Case ID: or-app_110/html/0524-01.html
Source: Caselaw Access Project
Author: {"author": "\n      DEITS, J.", "license": "Public Domain", "url": "https://static.case.law/"}
Date Created: 2024-08-24T03:29:51.129683

Submitted on record and briefs May 17, 1991,
    affirmed January 8, 1992
    RICHARD LEON McKENZIE, Petitioner, v. BOARD OF PAROLE, Respondent.
    
    (CA A65925)
    823 P2d 1023
    Richard Leon McKenzie, Salem, filed the brief pro se.
    
    Dave Frohnmayer, Attorney General, Virginia L. Linder, Solicitor General and John Reuling, Assistant Attorney General, Salem, filed the brief for respondent.
    Before Richardson, Presiding Judge, and Joseph, Chief Judge, and Deits, Judge.
    DEITS, J.
    
      
       Joseph, C. J., vice Newman, J.
    
   DEITS, J.

Petitioner appeals an order of the Board of Parole setting his parole release date. He contends that the Board failed to follow its administrative rules. He was serving an 8-month sanction for a parole violation and was scheduled for release on March 13, 1990, when he took a “voluntary absence” from the facility. The Board extended his release date to April 15,1990, to compensate for “inoperative time.” At that time, the Board received official notice of three additional convictions, each carrying a sentence of one year and one day, to be served consecutively. Petitioner’s term for the first new violation was served concurrently with his parole violation sanction and had been completed at the time of the parole release hearing.

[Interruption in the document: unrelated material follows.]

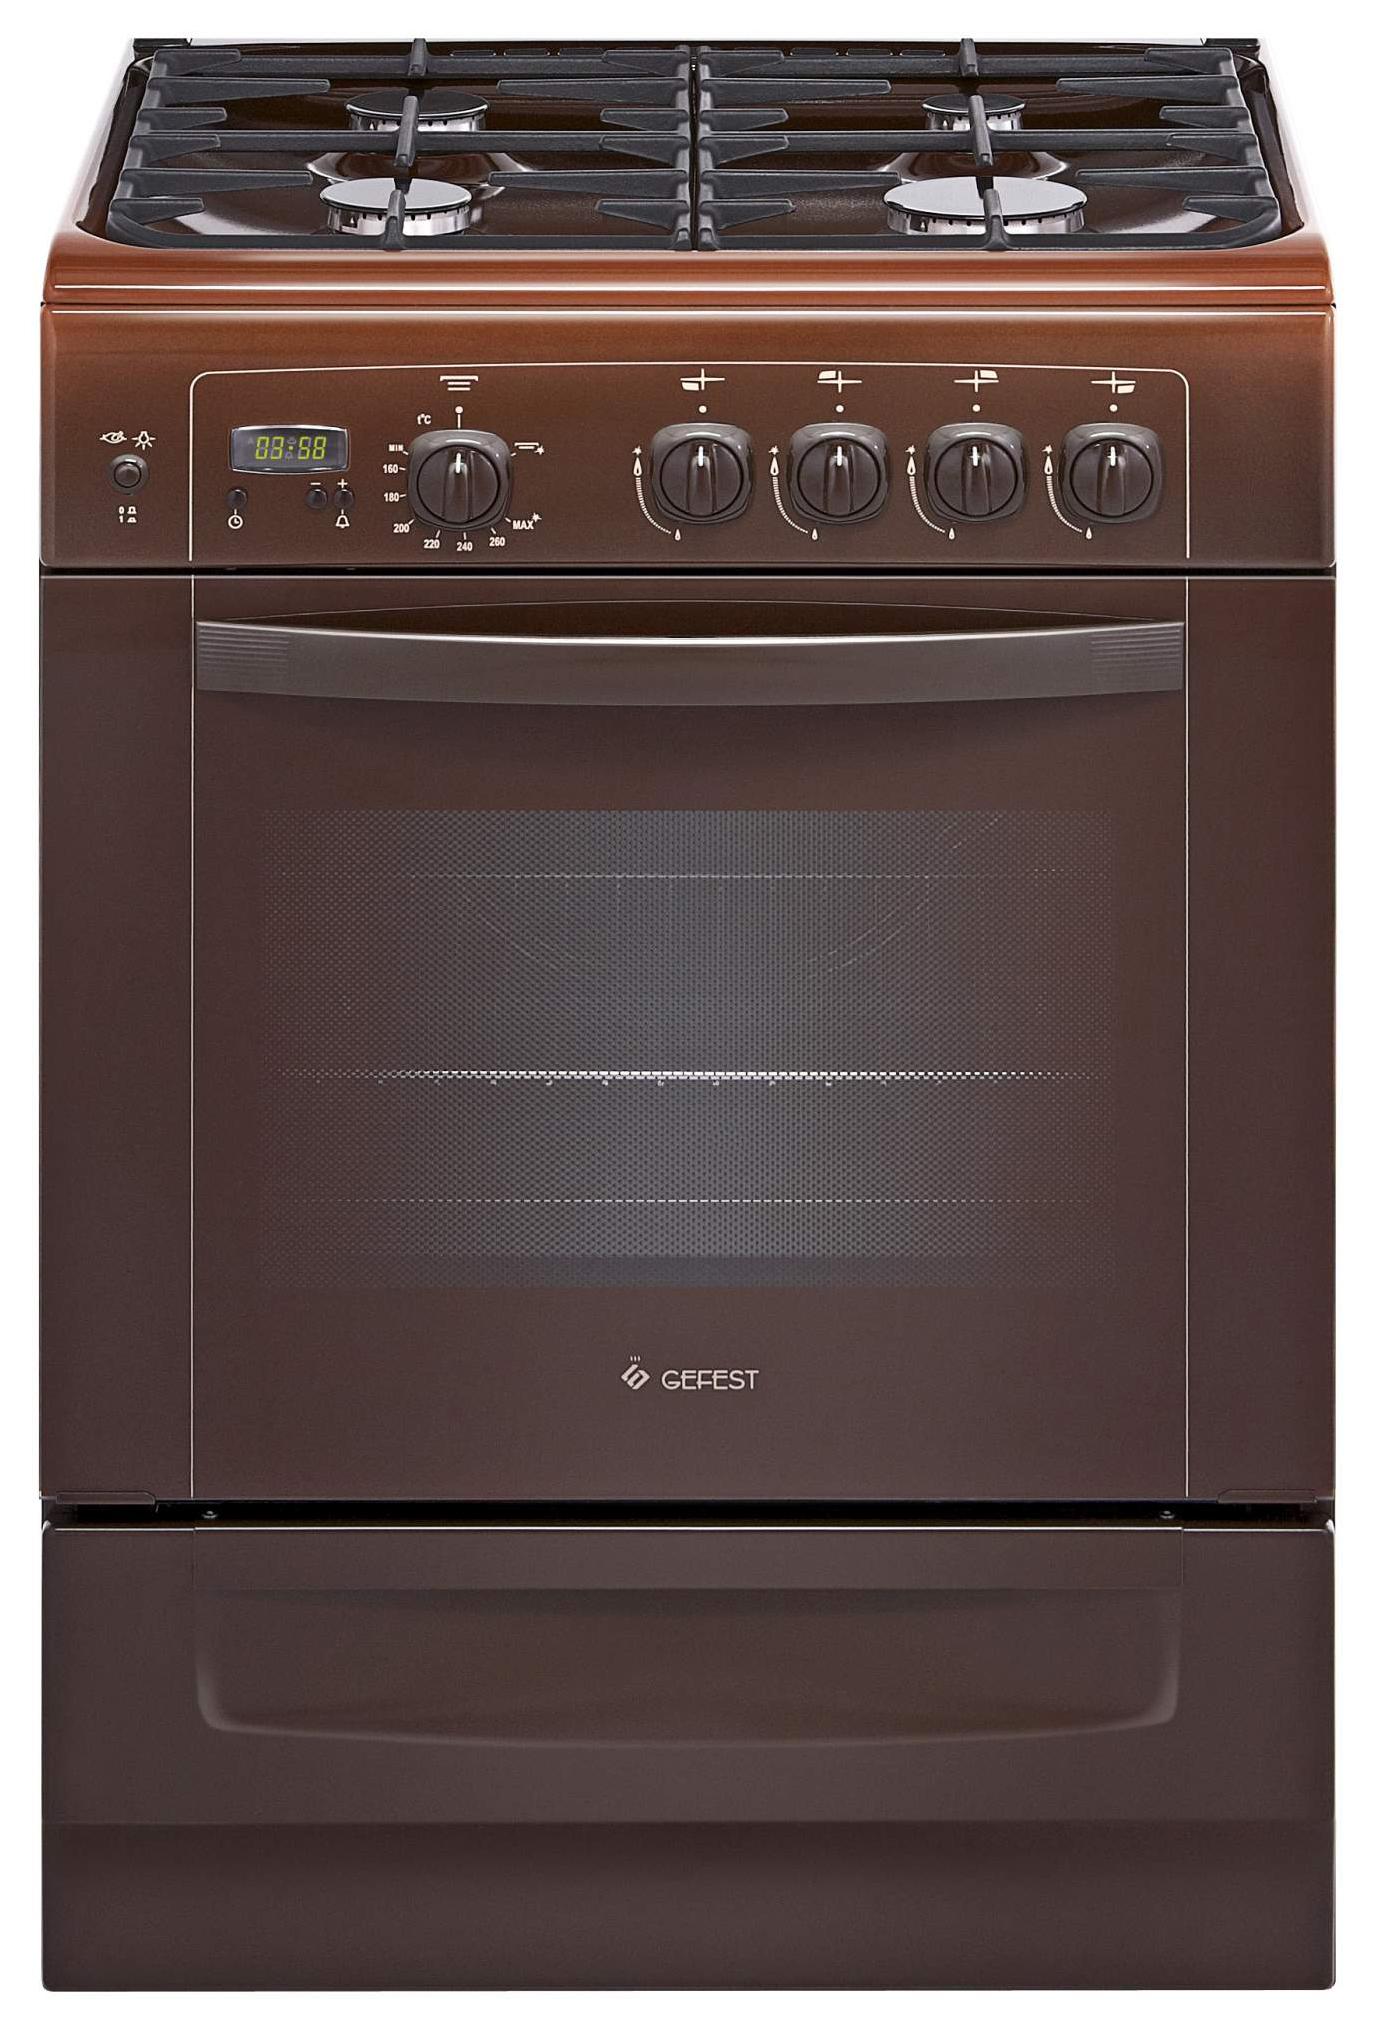 Газовая плита GEFEST ПГ 6100-03 0003 Brown

At the hearing, the Board imposed two consecutive 6-month terms for petitioner’s remaining two convictions on the basis of petitioner’s Board matrix. The Board adjusted his sentencing date to December 14,1989, and, under the matrix, set his parole release date at December 13, 1990. Petitioner argues that the Board erred in setting the release date. We affirm.

Petitioner argues that “the provisions of OAR 255-35-025(l)(a) * * * expressly require that the ‘maximum’ prison term the board may impose on such a sentence of one year and one day is two months.” OAR 255-35-025 provides, in part:

“When the Board chooses to set a parole release date on a sentence with a statutory good time date which calls for earlier release than the [matrix] guideline range indicates (due to a short sentence), the maximum initial prison terms shall be as follows:
“(a) Six months from the statutory good time date on a sentence of at least one year and less than three years * *

The rule does not apply to this case, however, because the statutory good time date here does not call for earlier release than does the Board’s matrix. To calculate a good time release date, the Board applies ORS 421.120(l)(b), which provides:

“From the term of a sentence of more than one year, one day shall be deducted for every two days of such sentence actually served in the Department of Corrections institution.”

Given petitioner’s three new sentences, one of which had already been served, the rule would allow petitioner to serve only 8 months on each remaining one year and one day sentence after December 14, 1989, making his earliest good time release date on those sentences April 15,1991. Because the statutory good time date does not call for release earlier than the matrix release date, the Board’s order setting petitioner’s release date was proper.

Affirmed. 
      
       Petitioner has other sentences, which are not included in this calculation.